Interrupts take advantage of special hardware in a processor which allows normal processing to be preempted by asynchronous events. Using interrupts to process asynchronous events has the advantage that the processor only spends time servicing the event when it actually happens. Therefore, for the same desired response time, the CPU overhead for interrupt servicing can be much lower.
The disadvantages of using interrupts are that there is more setup involved and it is typically harder to debug interrupt routines. Therefore, it is often a good idea to start out with a polling scheme and, when you feel confident that the servicing routines work, install them on interrupts.
Typically there will be a range of possible interrupt sources, each of which is assigned a number. An interrupt vector table, located in memory, stores the address of a handler for each possible interrupt. When an interrupt occurs, the processor saves some of the current processing state (which typically includes the status flags, program counter, and interrupt source, and may include other registers or data), looks up the address of the correct interrupt handler, and resumes execution in the handler.

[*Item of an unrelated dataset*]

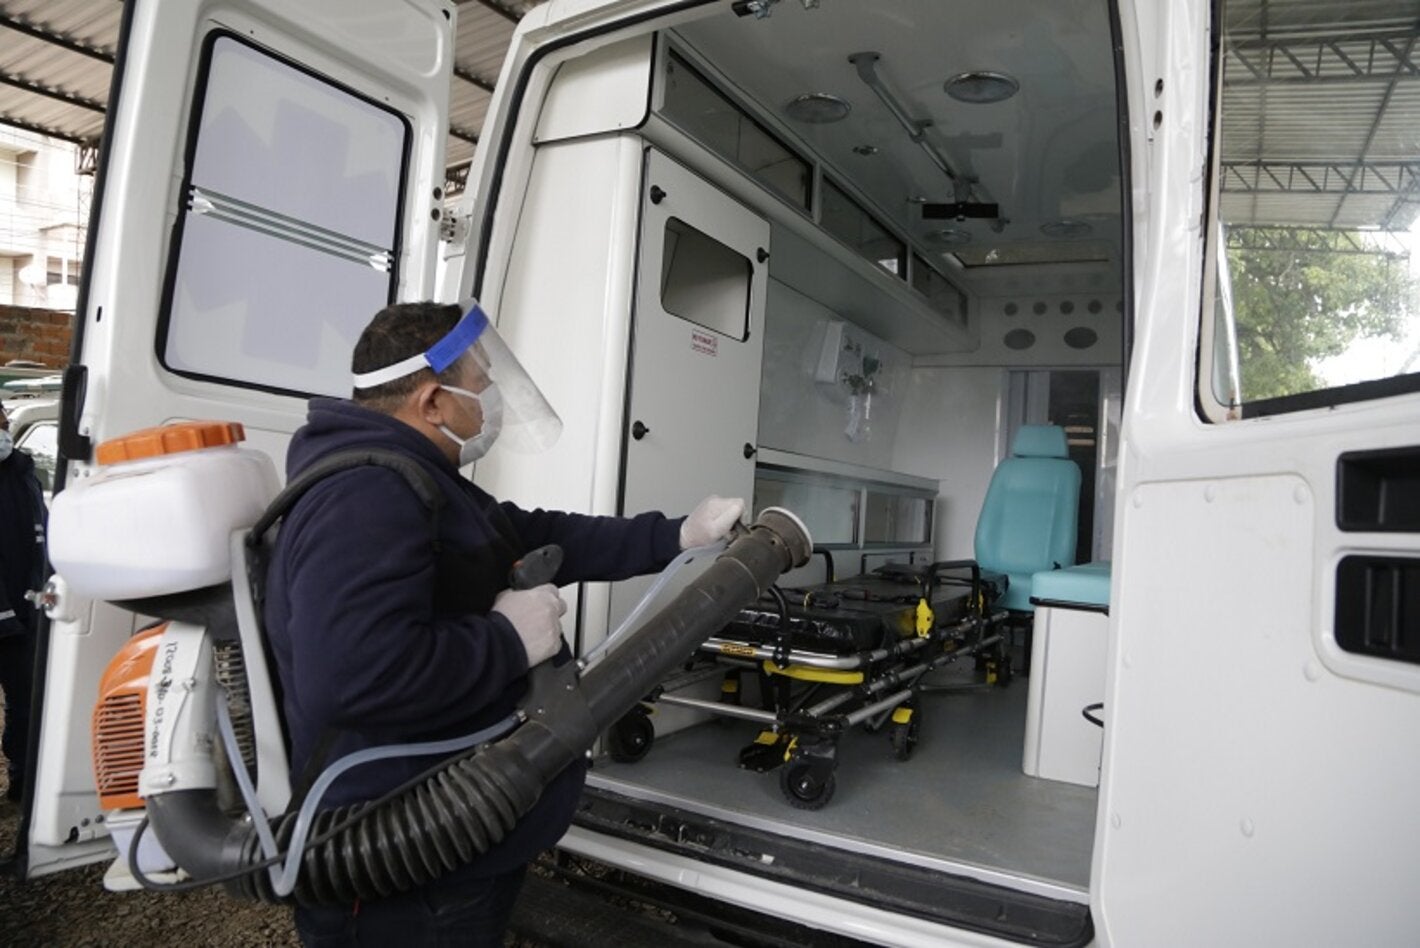 Esterilización de ambulancia
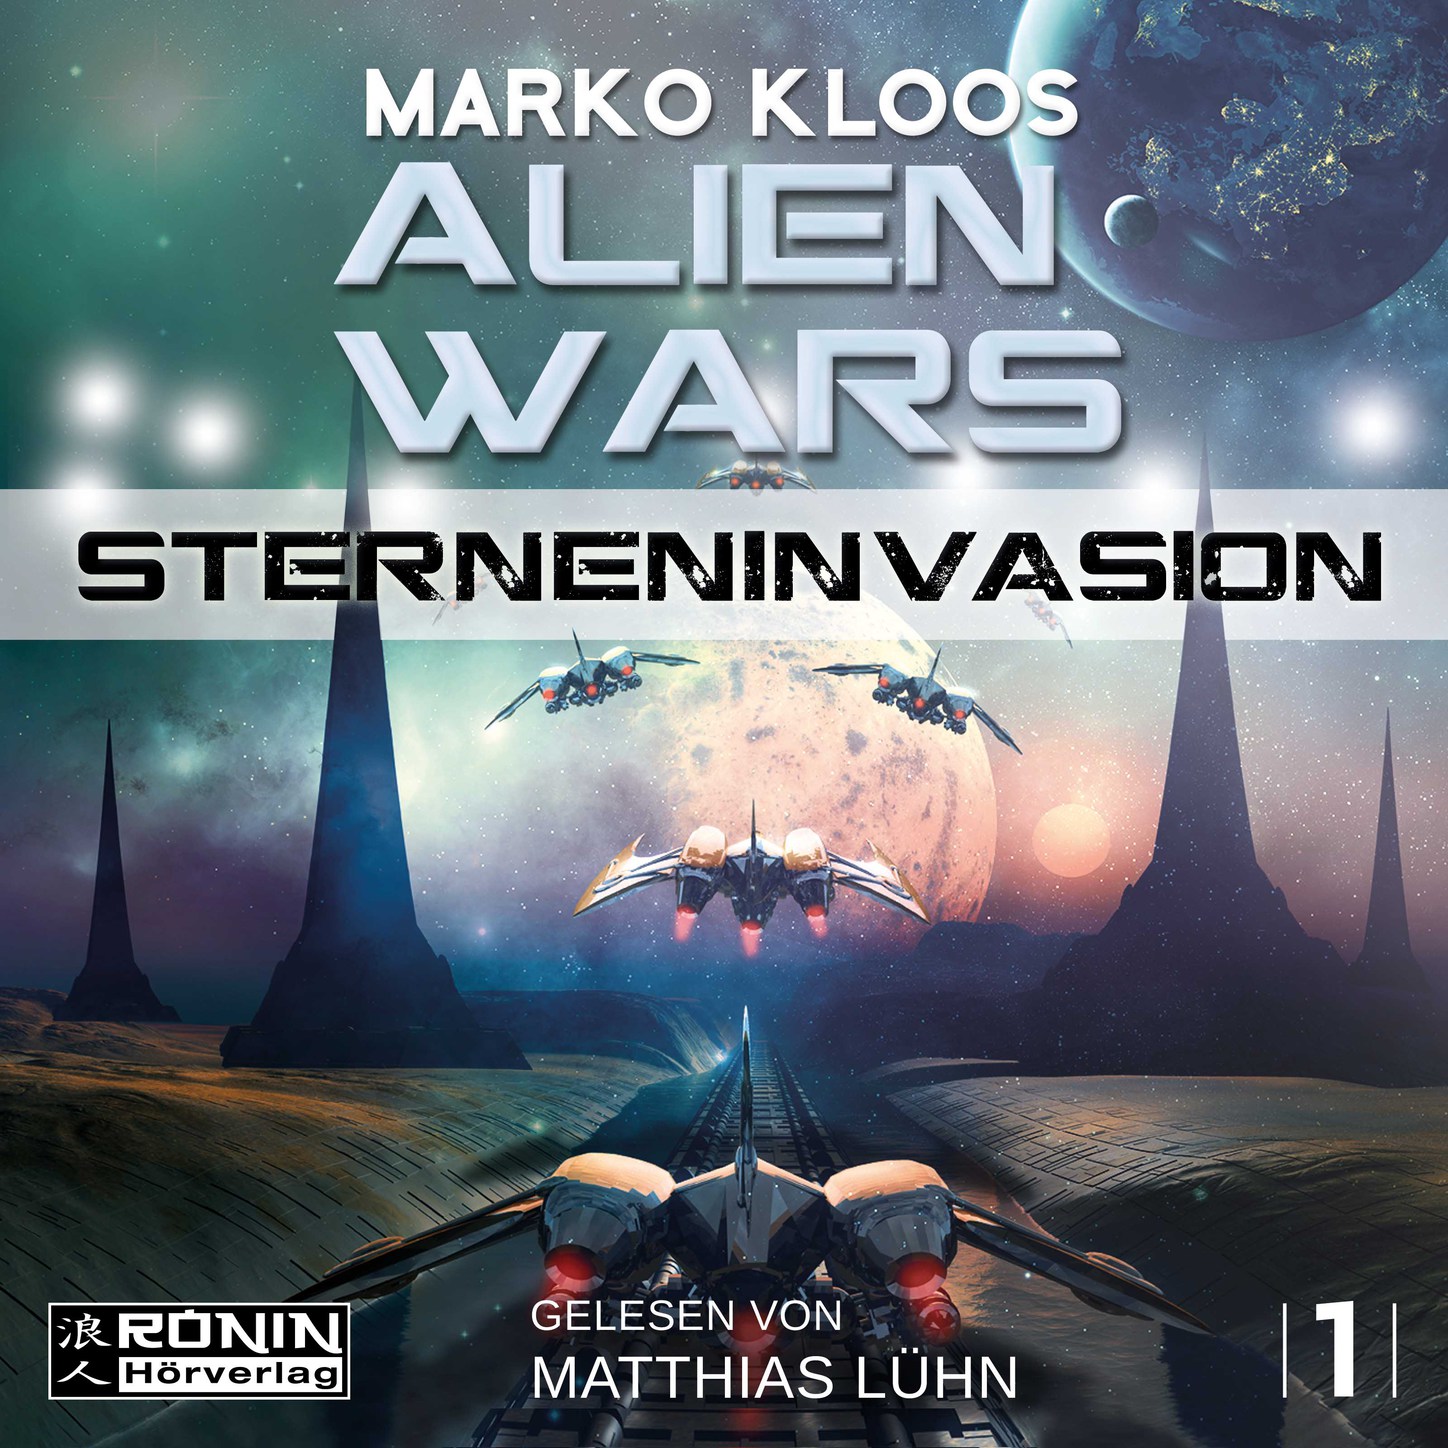 Скачать Sterneninvasion - Alien Wars 1 (Ungekürzt) - Marko Kloos

The handler must save any registers it will use before it starts. The handler may also need to perform some action to clear the interrupt request (this is usually the case with hardware interrupts). When the handler is done, it restores the registers to their original condition and performs a return-from-interrupt instruction to return to the processing that was preempted.
The console is the default interaction mode of the root process. The model for using the console is that of a unix shell. At the console you can view and modify the contents of memory, run programs, view and kill processes, view and modify the value of persistents, view the memory map, list and unload programs, change the baud and clock rates, and much more. Commands are typed at the console prompt and those commands are executed by the root process. If any console command hangs, pressing the abort button (an active low button attached to the IRQ7 pin) will return you to the interaction prompt.
If not otherwise specified, assume that all numerical arguments are in hexidecimal.